The European Association for the Study of the Liver clinical practice guidelines on the management of HCC state that ethanol injection is useful in cases in which thermal ablation is not technically feasible, especially for HCCs measuring <2 cm [24]. However, ethanol injection therapy for periductal HCCs adjacent to the central bile duct may cause major biliary complications [25]. Although the pathogenesis of bile duct stricture after ethanol injection therapy is not fully understood, the inflammation of tissues adjacent to tumors, including the bile duct, may occur after injection therapy. In addition, alcohol diffusion may cause bile duct injury [25]. Therefore, ethanol injection therapy is not safe for periductal HCCs.

Irreversible electroporation (IRE), a non-thermal ablation technique, causes cell death using pulsating direct currents. This technique is known to be highly safe for ablating hepatic tumors close to central bile ducts [26,27] as it does not damage the architectural integrity of the bile duct [28]. Therefore, it could be used as an alternative treatment of RFA for ablating periductal tumors, although it requires general anesthesia and higher cost compared to thermal ablation.

A previous study treated 443 tumors with CT fluoroscopic-guided percutaneous cryotherapy and reported that there were no serious biliary complications despite the central location of tumors; however, the total number of tumors close to the central bile duct and the distance between the tumors and the bile duct were not reported [15]. The safety of CA for periductal HCCs was confirmed in the present study. The absence of significant differences in the incidence and severity of biliary complications between the two groups after treating tumors abutting the central bile duct (p = 0.074 and p = 0.052, respectively) may be attributed to the small sample size. In a previous study, percutaneous CA of hepatic tumors close to the gallbladder was safe and effective; postprocedural gallbladder thickening was common, but it was self-limited and clinically irrelevant, even when the iceball extended into the gallbladder lumen [9]. Another study has shown that CA is safe and effective for periportal HCCs and has a very low risk of causing vascular complications [10]. These results indicate that CA is relatively safe and less damaging to adjacent structures and can be useful for ablating tumors in high-risk locations. Moreover, contrary to our expectation, tract bleeding was not observed in the CA group even though tract ablation was not applicable. Although earlier studies reported that serious complications such as cryo-shock, liver crack, or excessive bleeding could occur after cryoablation for treating large HCCs with an old version of cryoprobes with thick shaft [15,29], recent studies rarely reported this kind of serious complication [5,30]. Therefore, cryoablation using the latest model seems to be relatively safe for treating small HCCs, which was also confirmed in the present study.
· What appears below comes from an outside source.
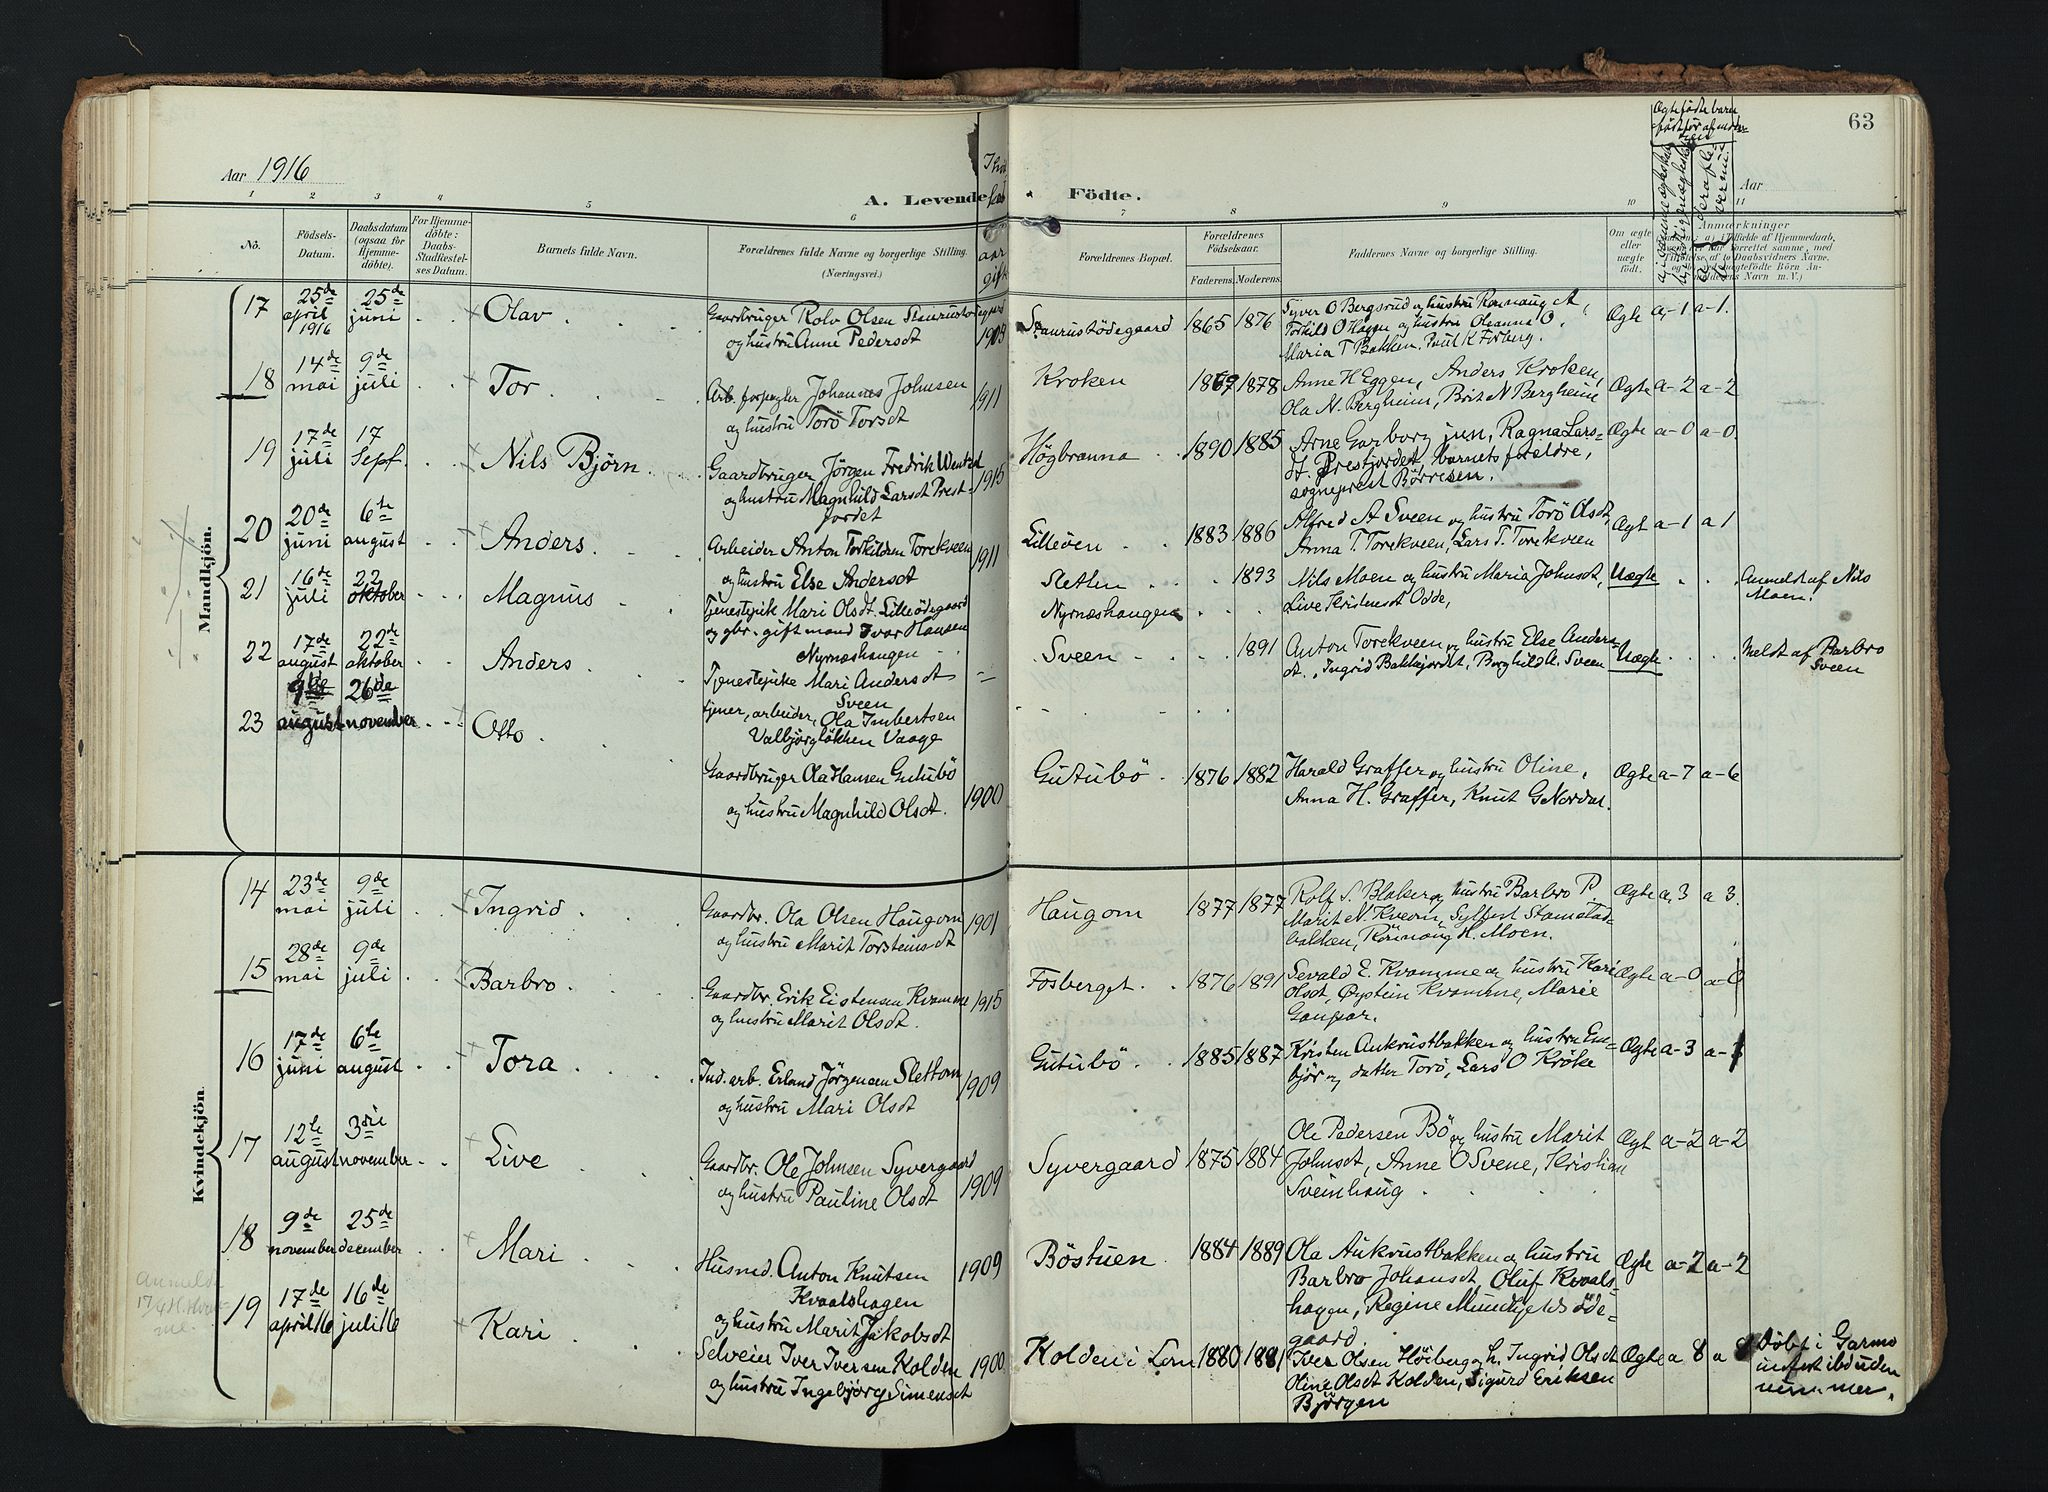 SAH, Lom prestekontor, K/L0010: Ministerialbok nr. 10, 1899-1926, s. 63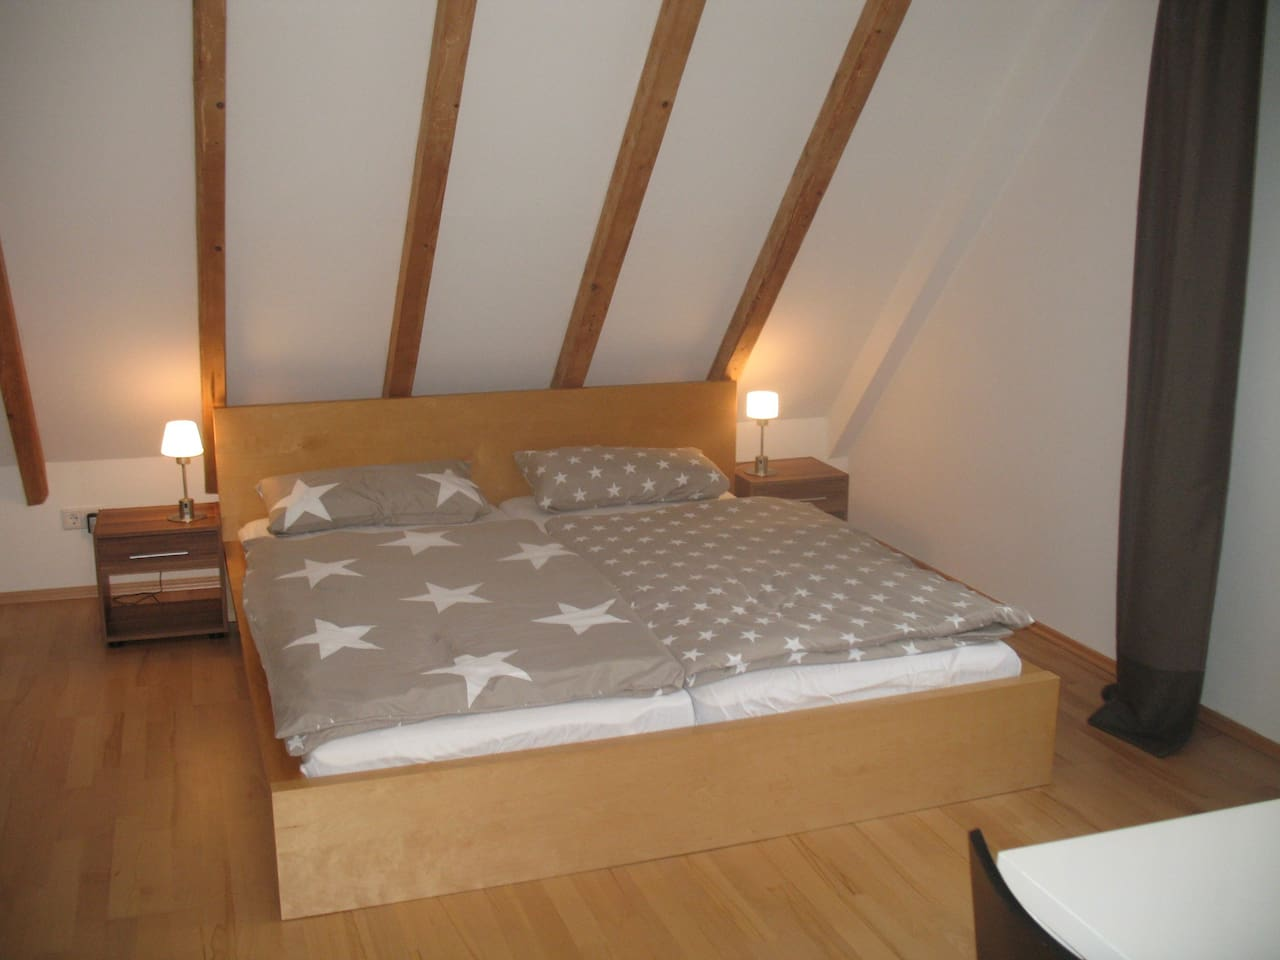 Gemütliches und geräumiges Schlafzimmer; großer Kleiderschrank, Ablagemöglichkeiten.

This study had some limitations. First, this was a retrospective and single-center study. Second, the number of participants was small due to the specific location of the tumors. Third, the follow-up period was longer in the RFA group than in the CA group because CA was initiated later than RFA. Therefore, the difference in the cumulative LTP rate between the two treatments after 58 months is unknown. In addition, the real performance of RFA in local tumor control may have been underestimated because the RFA technology may have evolved during the long study period. Fourth, several variables, including tumor size, were different between the two groups, limiting direct comparisons. Nonetheless, multiple logistic regression analysis revealed that the ablation method was an independent risk factor for biliary complications after local ablation therapy. Our results indicate that CA can be a useful treatment option, particularly in patients with periductal HCCs not suitable for surgical resection.

In conclusion, the incidence and severity of biliary complications after treating HCCs abutting the bile duct are lower with CA than with RFA, demonstrating that CA is safer than RFA for managing periductal HCCs.

Disclosure statement

No potential conflict of interest was reported by the author(s).